SOME UTILITIES WANT SURCHARGE FOR SOLAR GENERATORS. As the cost of installing solar panels drops, at least 11 utilities in nine states have attempted to impose extra charges on customers who generate their own energy; to date, five have succeeded, Zahra Hirii reported at InsideClimateNews.org (8/14).

Power providers say these new rates are needed to ensure their customers using solar and other forms of so-called “distributed generation” continue to pay for basic costs associated with maintaining the grid. Clean energy advocates fiercely object, calling these efforts “attacks on solar.” They argue that the utilities don’t adequately account for solar users’ benefits to the grid: less electricity is lost during transportation across power lines; less money spent by utilities on infrastructure for transmission and distribution; credits the utilities can potentially use to reach renewable energy goals or tax credits.

The new charges have ranged from an extra $5 per month for the average Arizona Public Service customer to $90 per month for typical Wisconsin customers of Rock Energy Cooperative.
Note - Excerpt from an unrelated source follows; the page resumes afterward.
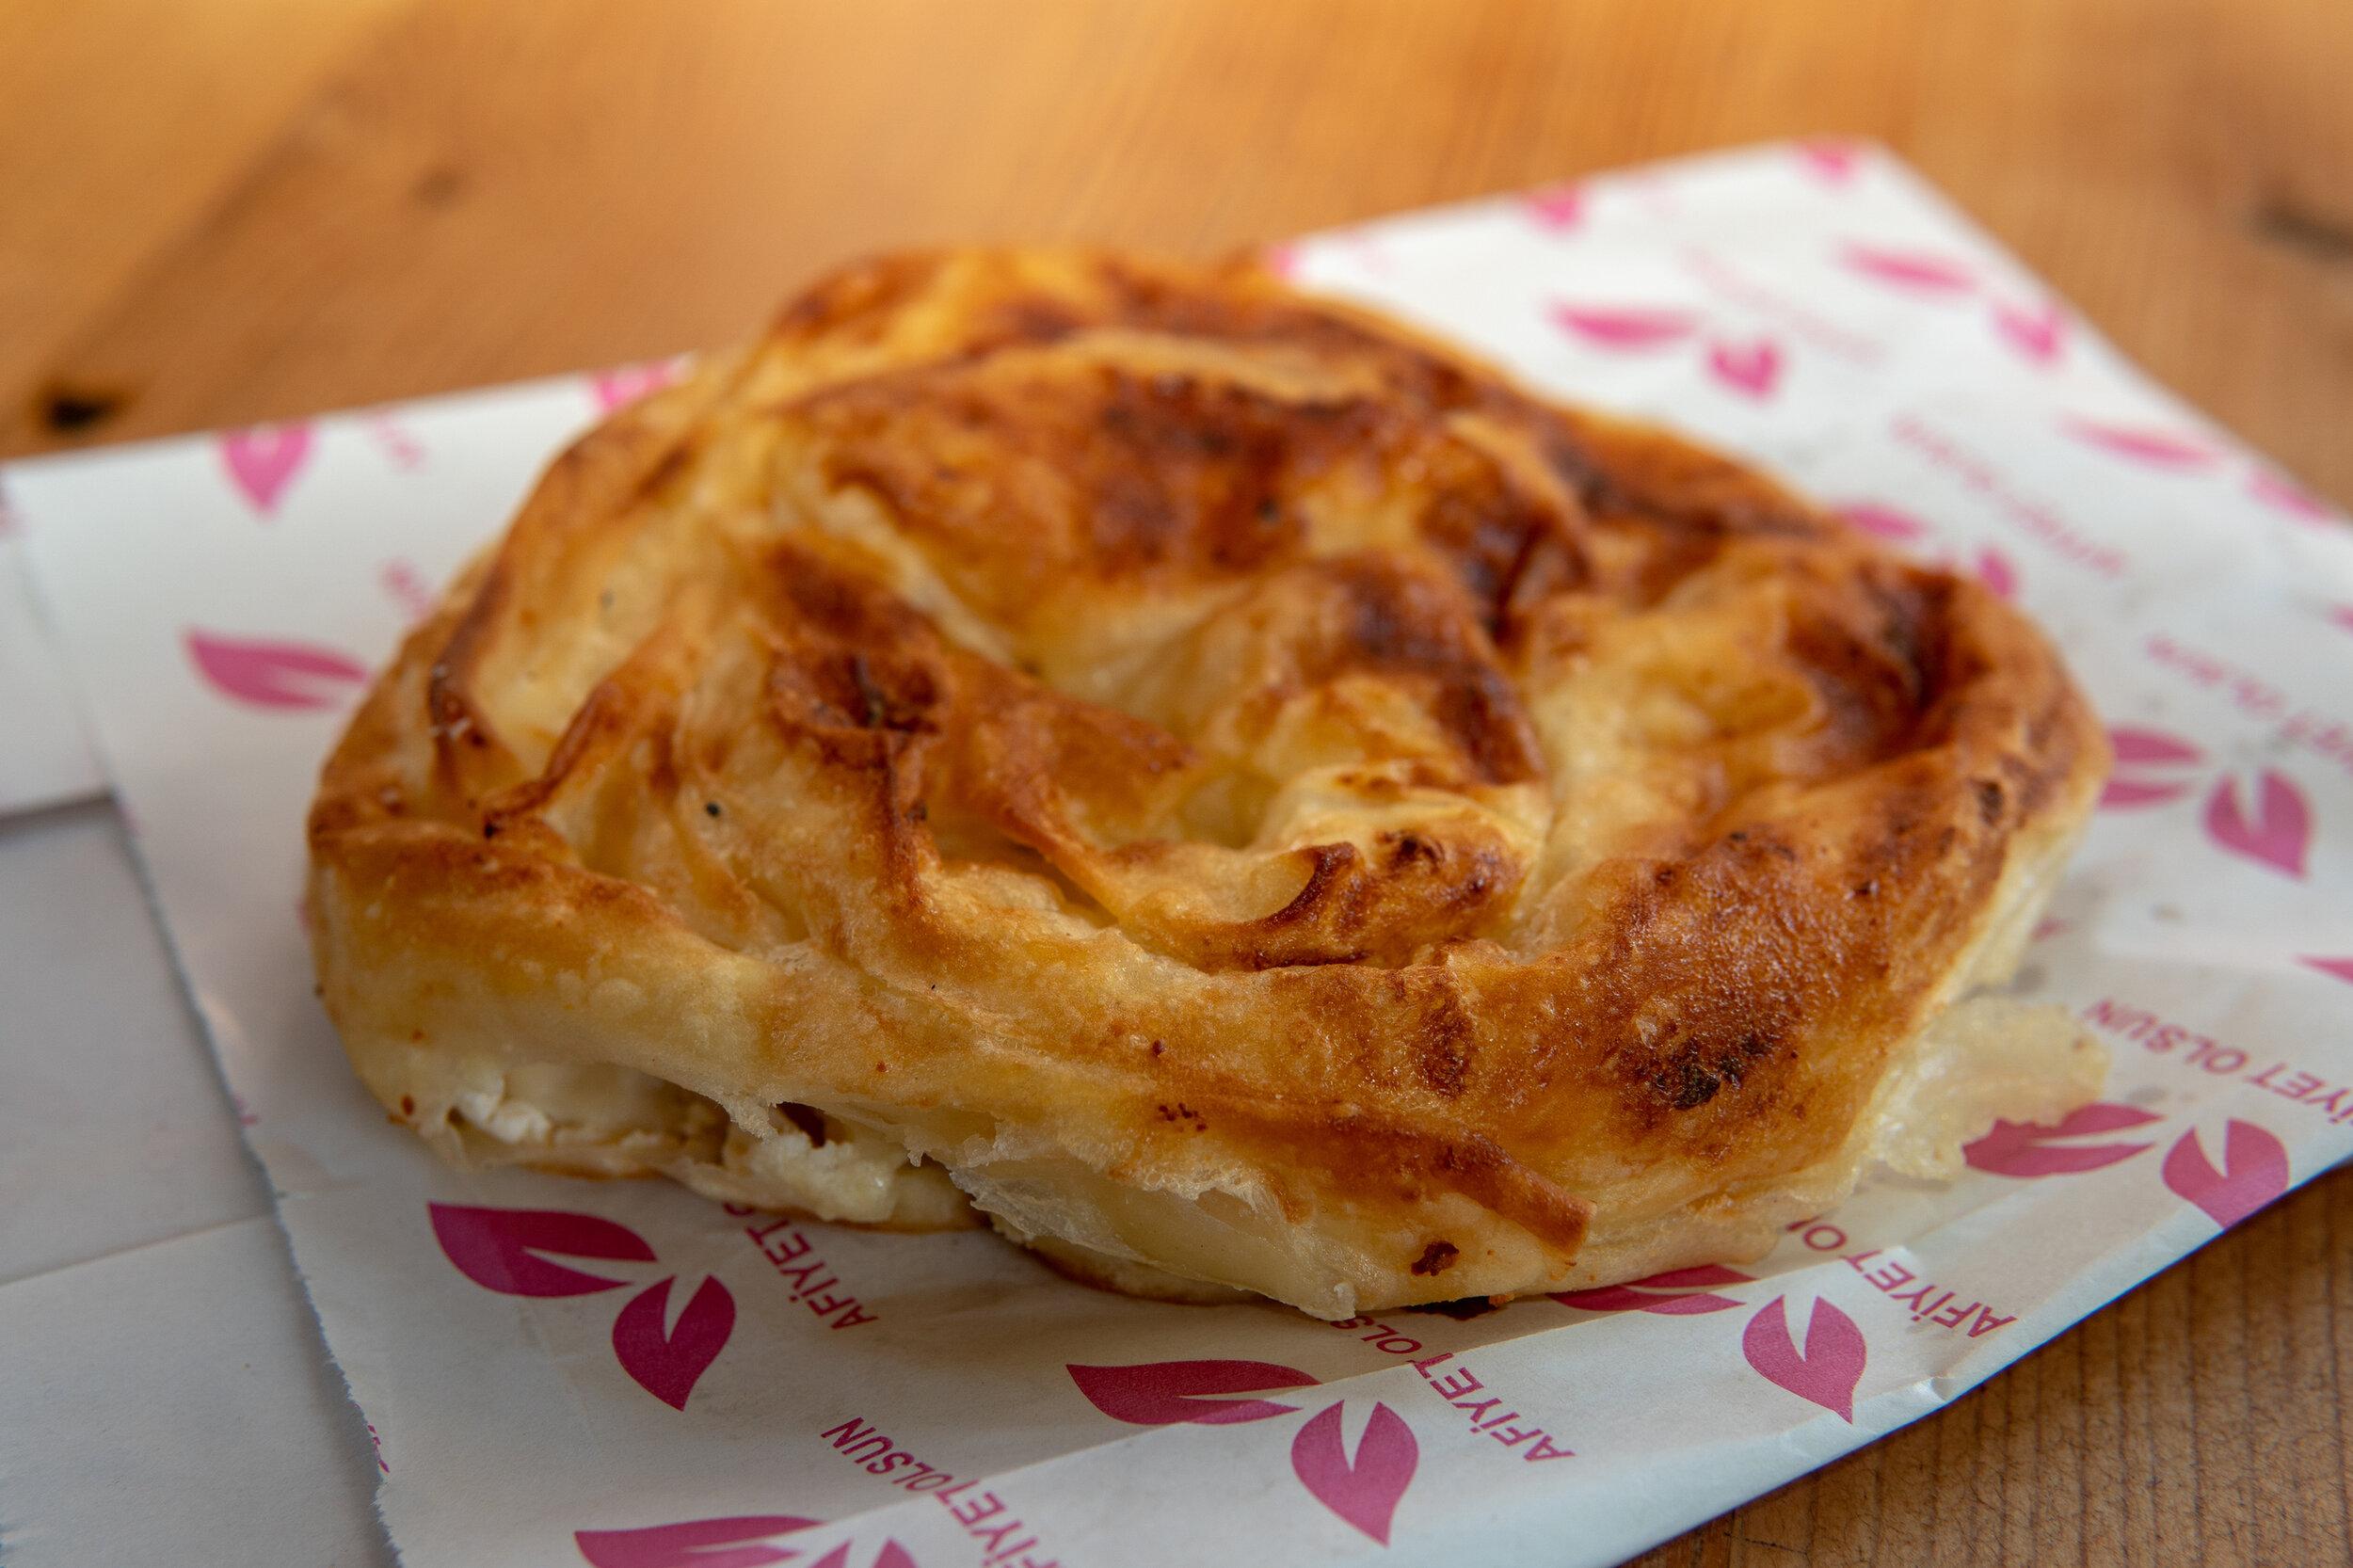 The Turkish pastry Börek makes a delicious Turkish breakfast.

These fees largely fall into two categories: fixed charges, which remain stable every month, and demand charges, which vary depending on a customer’s peak electricity usage. In certain cases, consumers and environmental activists are pushing back by suing the electricity providers or appealing the rates with state regulators. Their latest win came in August, when Minnesota’s regulatory commission shot down about $5 worth of monthly fees that Minnesota’s People’s Electric Cooperative put in place for their handful of distributed generation users.
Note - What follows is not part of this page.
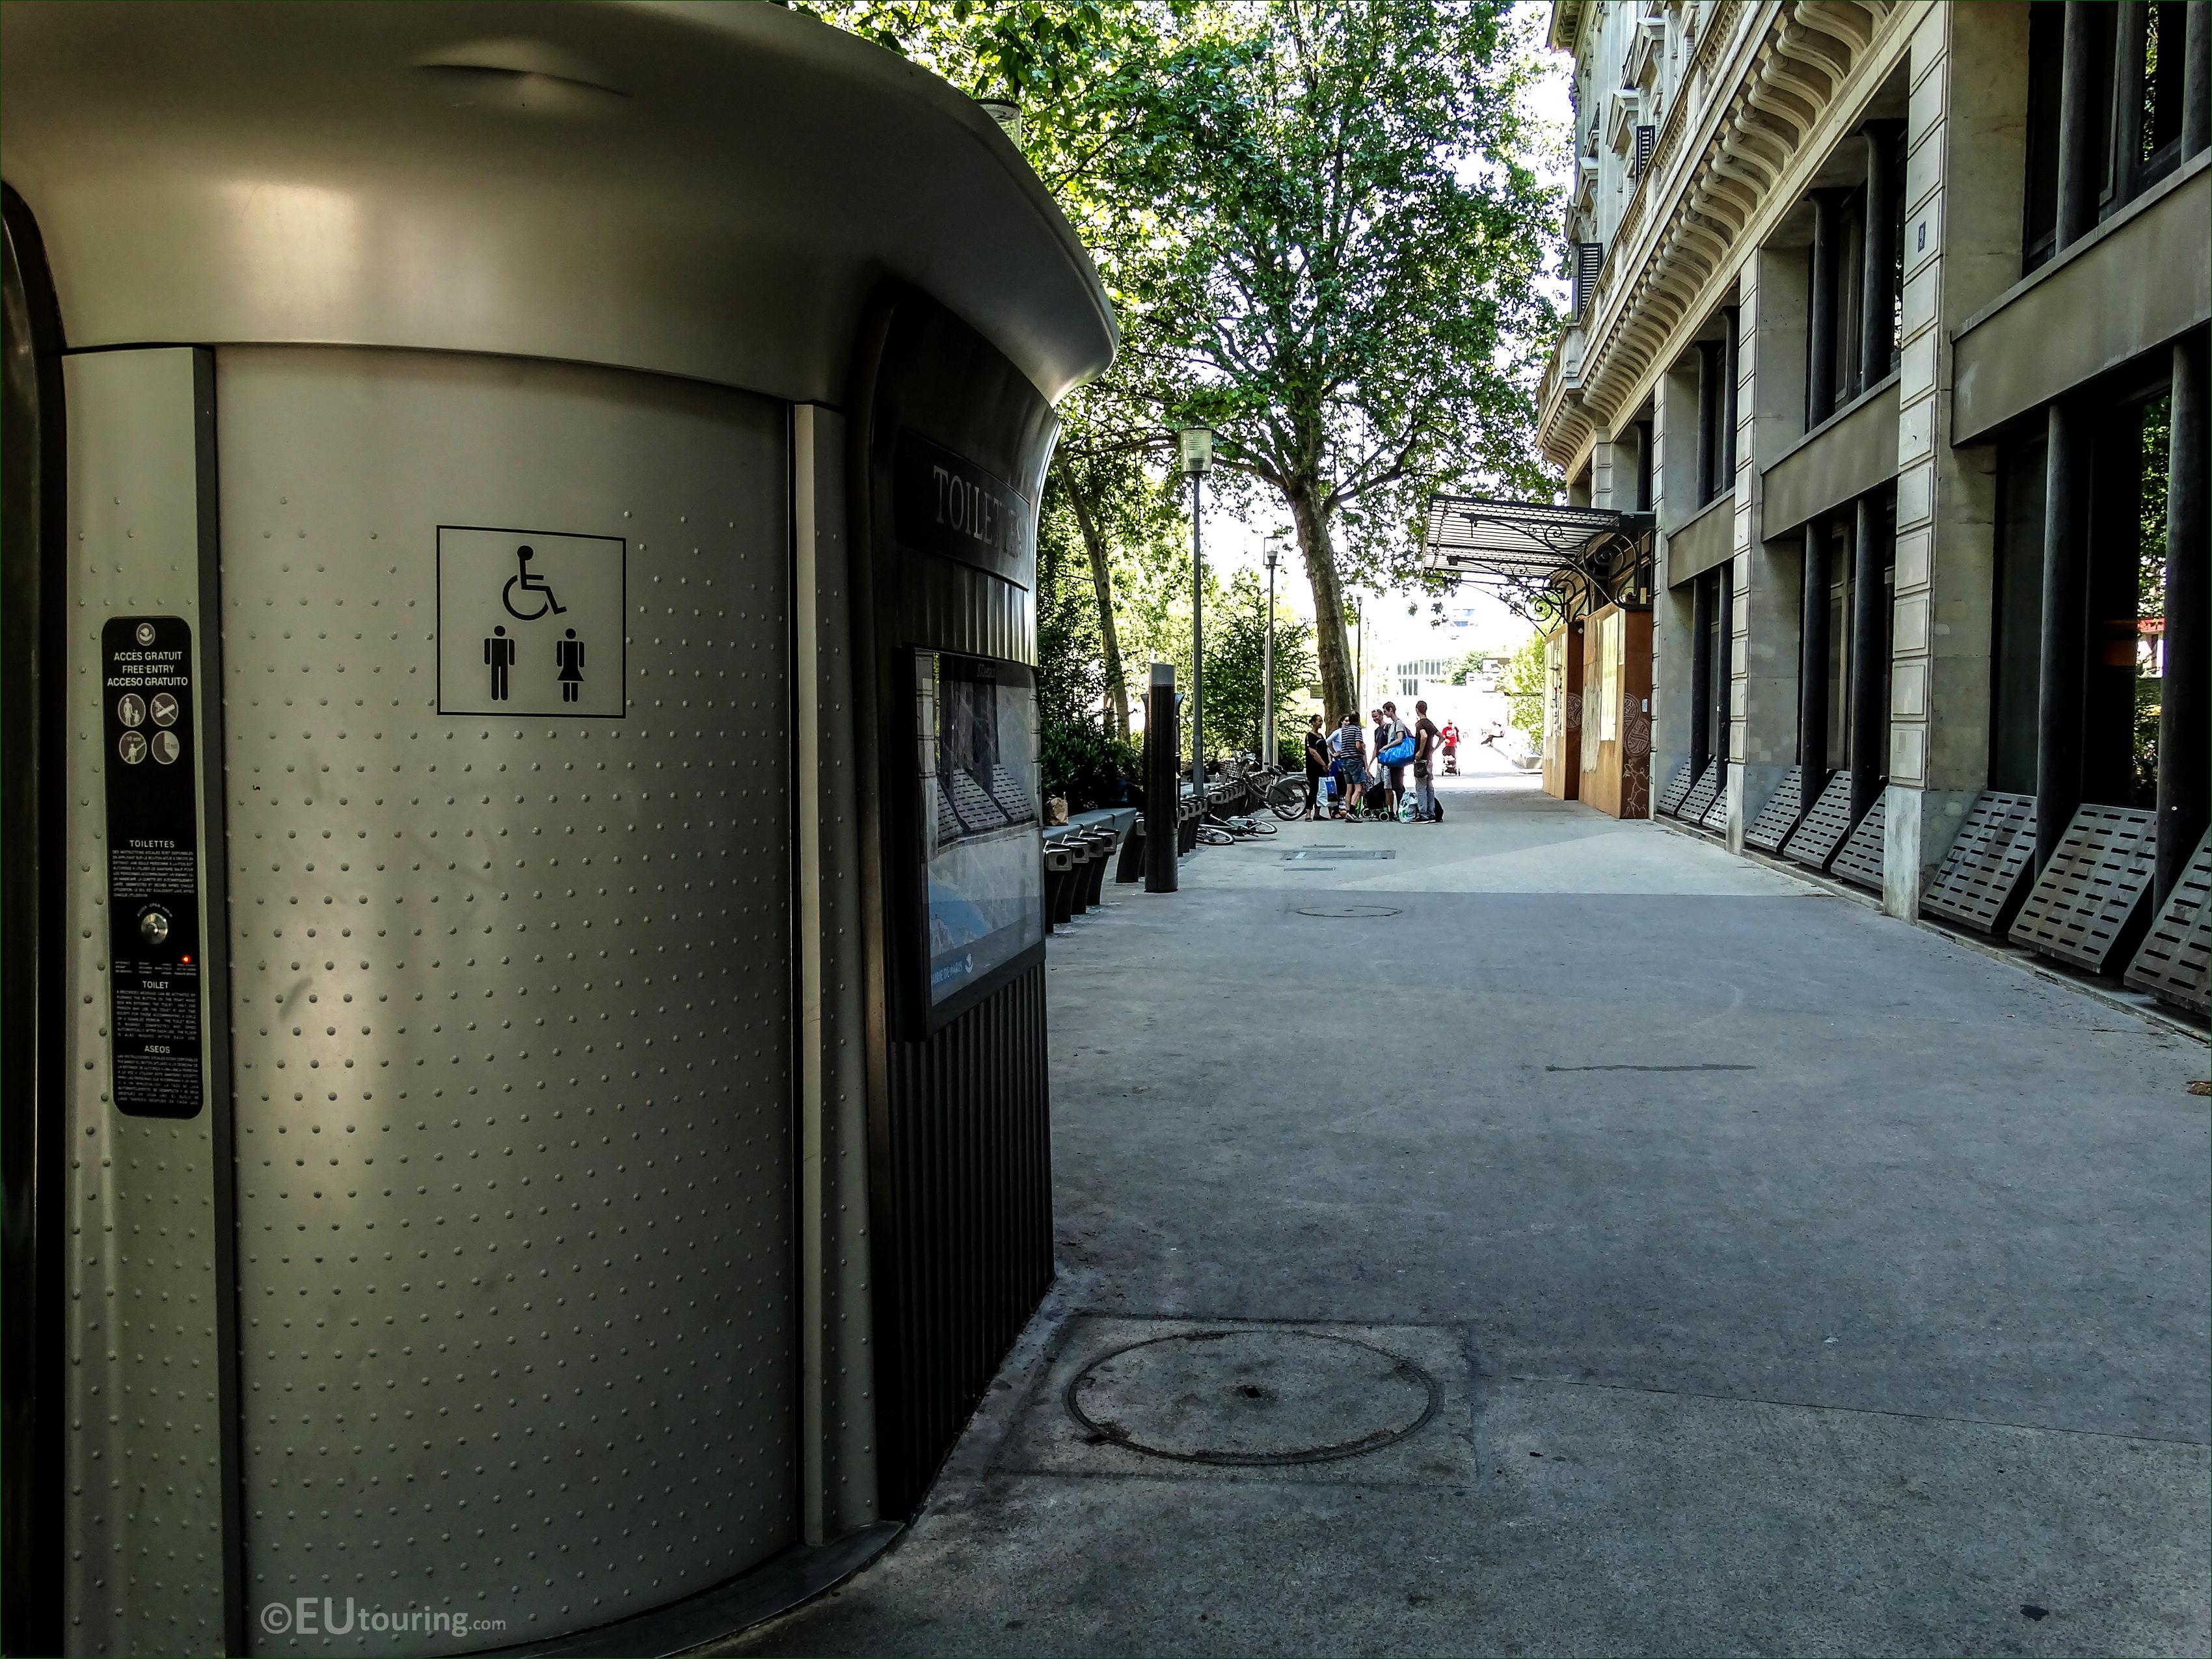 Public toilets under i site

Brad Klein, senior attorney at the Environmental Law and Policy Center, who participated in the rate appeal, told Inside Climate News, “I’m pleased the Commission so clearly determined that [People’s Electric Cooperative] failed to justify the fee under Minnesota law. It is a clear signal to other utilities that they will need to do a lot more work to be able to justify these kinds of [distributed generation] fees and penalties.”

The cost of installing distributed solar at the residential level has declined steadily over the last five years, according to a new report by the Department of Energy’s Lawrence Berkeley National Laboratory. In 2014, the median installed price of US residential solar hit a record low of about $4-per-watt compared to more than $12-per-watt in 1998.